The nation's largest Not For Profit group of health, community, and aged care providers is urging all political parties and candidates to put health and aged care at the forefront of their campaigns after Prime Minister Anthony Albanese called the Federal Election today (Friday, 28 March).

The Albanese Government came to power in May 2022, stating nobody should be denied access to high quality aged care services.

"Older Australians must be provided access to safe, person-centred and holistic care that is appropriate to individual needs, whether it is being provided in the community, home or a residential facility," the Labor Party's 2021 National Platform stated.

An advert from Labor's 2022 Election campaign.

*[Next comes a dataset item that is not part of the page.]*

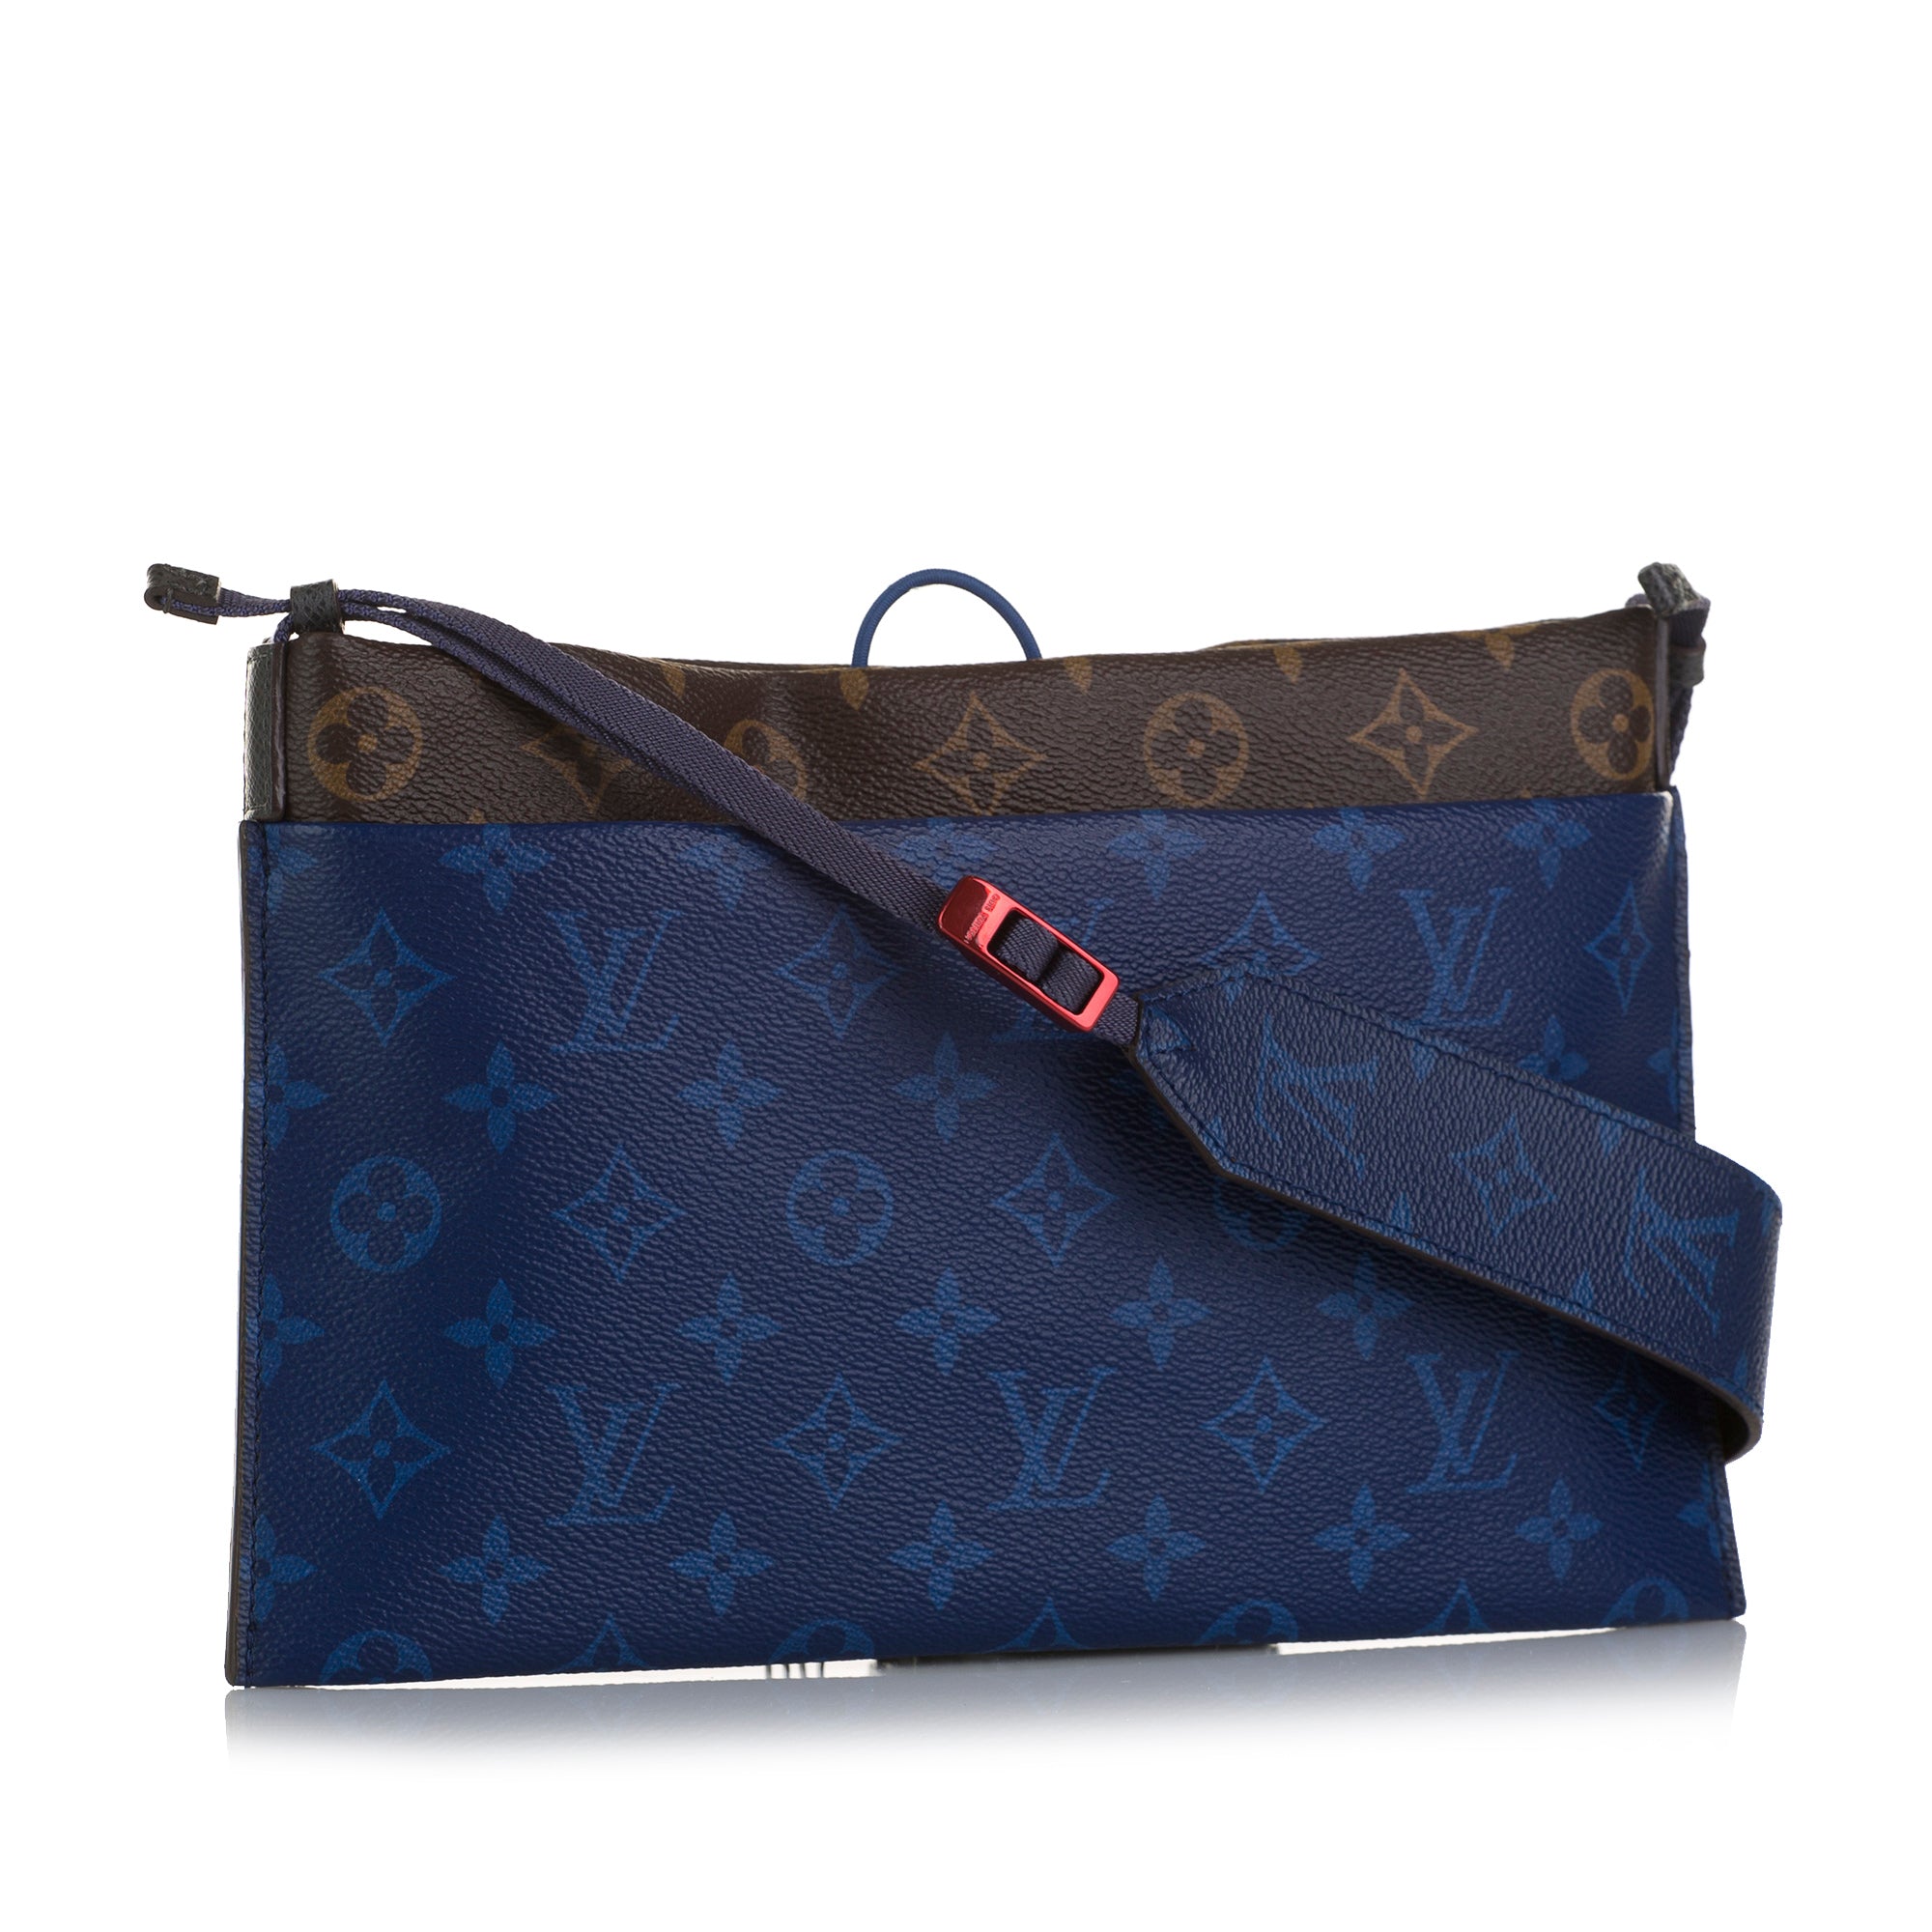 Luxury products - LV postman bag is made by Monogram and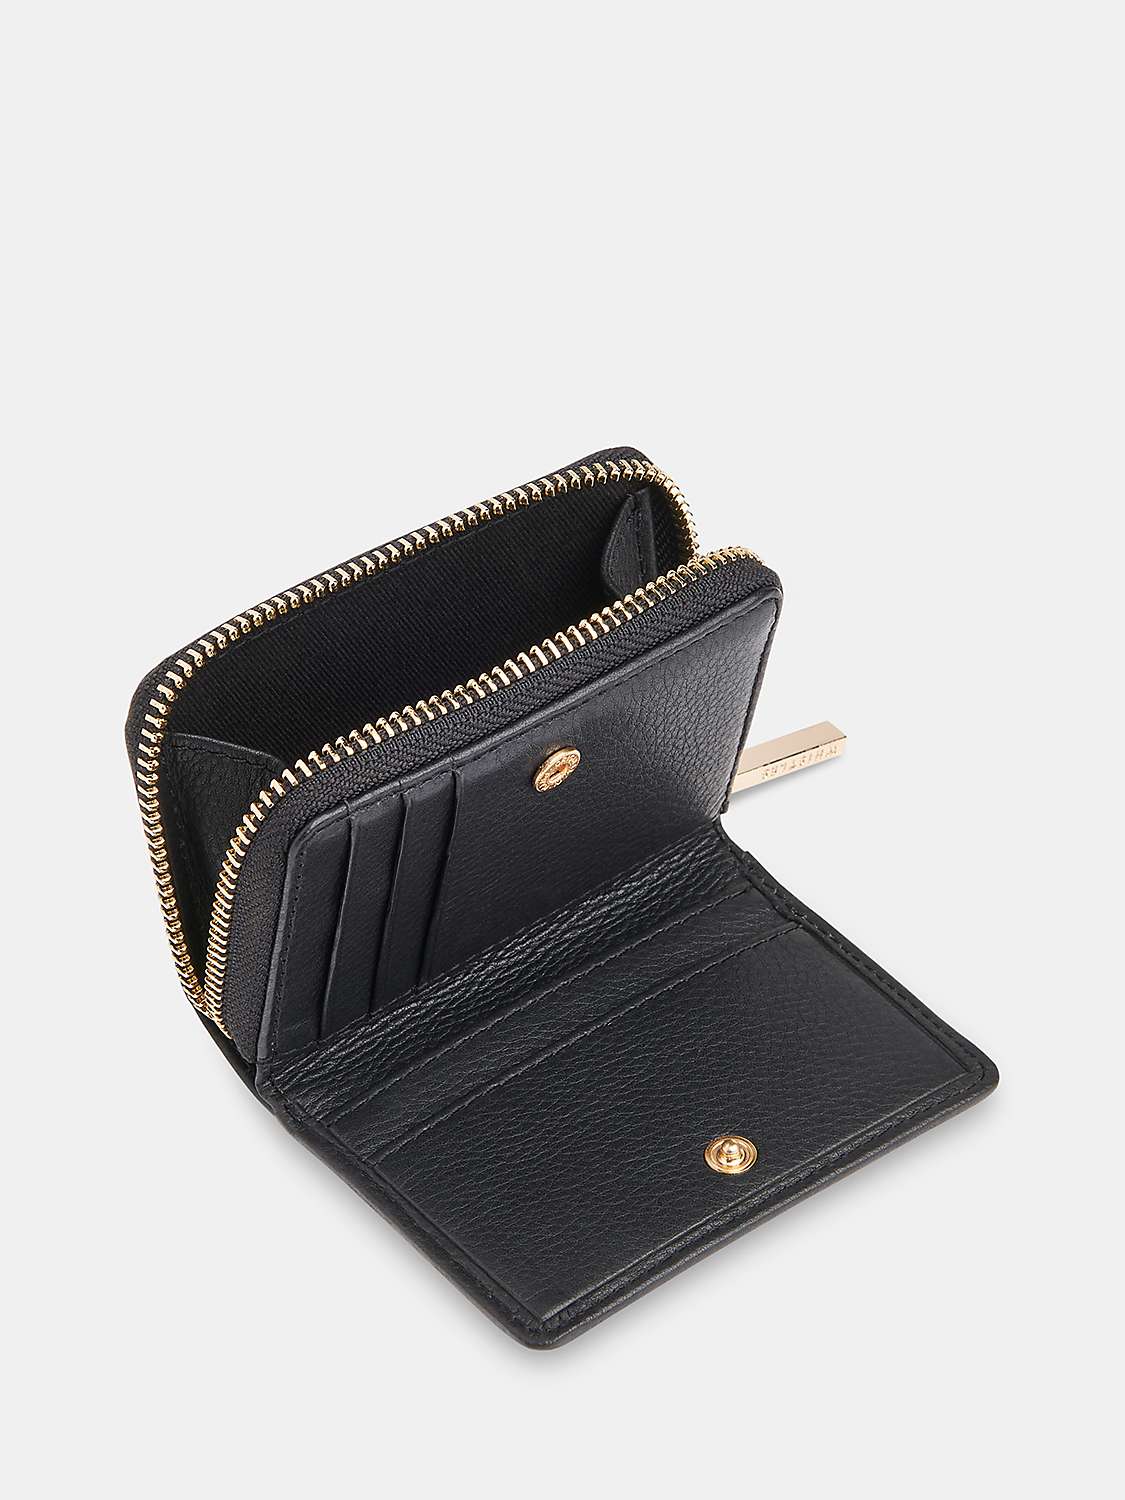 Buy Whistles Koa Compact Zip Around Leather Purse Online at johnlewis.com

Credit: Anthony Albanese's Facebook

Three years on, the Aged Care Taskforce established by Labor has delivered funding reform, but supply issues around aged care beds, Home Care Packages and workforce persist.

Catholic Health Australia (CHA) CEO Jason Kara said the five-week election campaign provides a chance to outline real reform in health and aged care, ensuring private hospitals remain viable, public hospitals attract appropriate investment, aged care residents receive quality and sustainable care, and regional communities are not left behind.

In aged care, CHA’s proposed reforms include strengthening hardship provisions to ensure people don’t miss out under the new Aged Care Act. 

“The accommodation supplement for aged care residents in financial hardship must be increased and processing times for hardship applications must be reduced to prevent delays in essential care,” said Mr Kara.

“We also need a staged six-month transition to the Support at Home program to ensure providers are ready for the new system.”

CHA has set out six aged care policy priorities:

  1. Tackle aged care workforce shortages

  2. Address risks to the success of the reform

  3. Support aged care providers in rural areas

  4. Strengthen support for home-based aged care

  5. Enhance hardship provisions in aged care

  6. Implement long-stay reforms to reduce bed block

Tom Symondson, the CEO of aged care peak body Ageing Australia, said three weeks ago the timelime for implementing the Support at Home Program was "bordering on impossible" and, after the Federal Budget on Tuesday, underlined the $10,000 per provider for critical upgrades to ICT and systems under the Program was insufficient.

Tom Symondson addresses the audience at the 2025 LEADERS SUMMIT

“What we are calling for is a staged approach to implementation of some of the reform programs. We all want these reforms to succeed, but to deliver them, providers need certainty on what is required and enough time to achieve it,” he said.

Ageing Australia had made nine recommendations to Government ahead of the Budget including a $600 million ICT grant program for aged care providers, but this was not reflected in the Budget.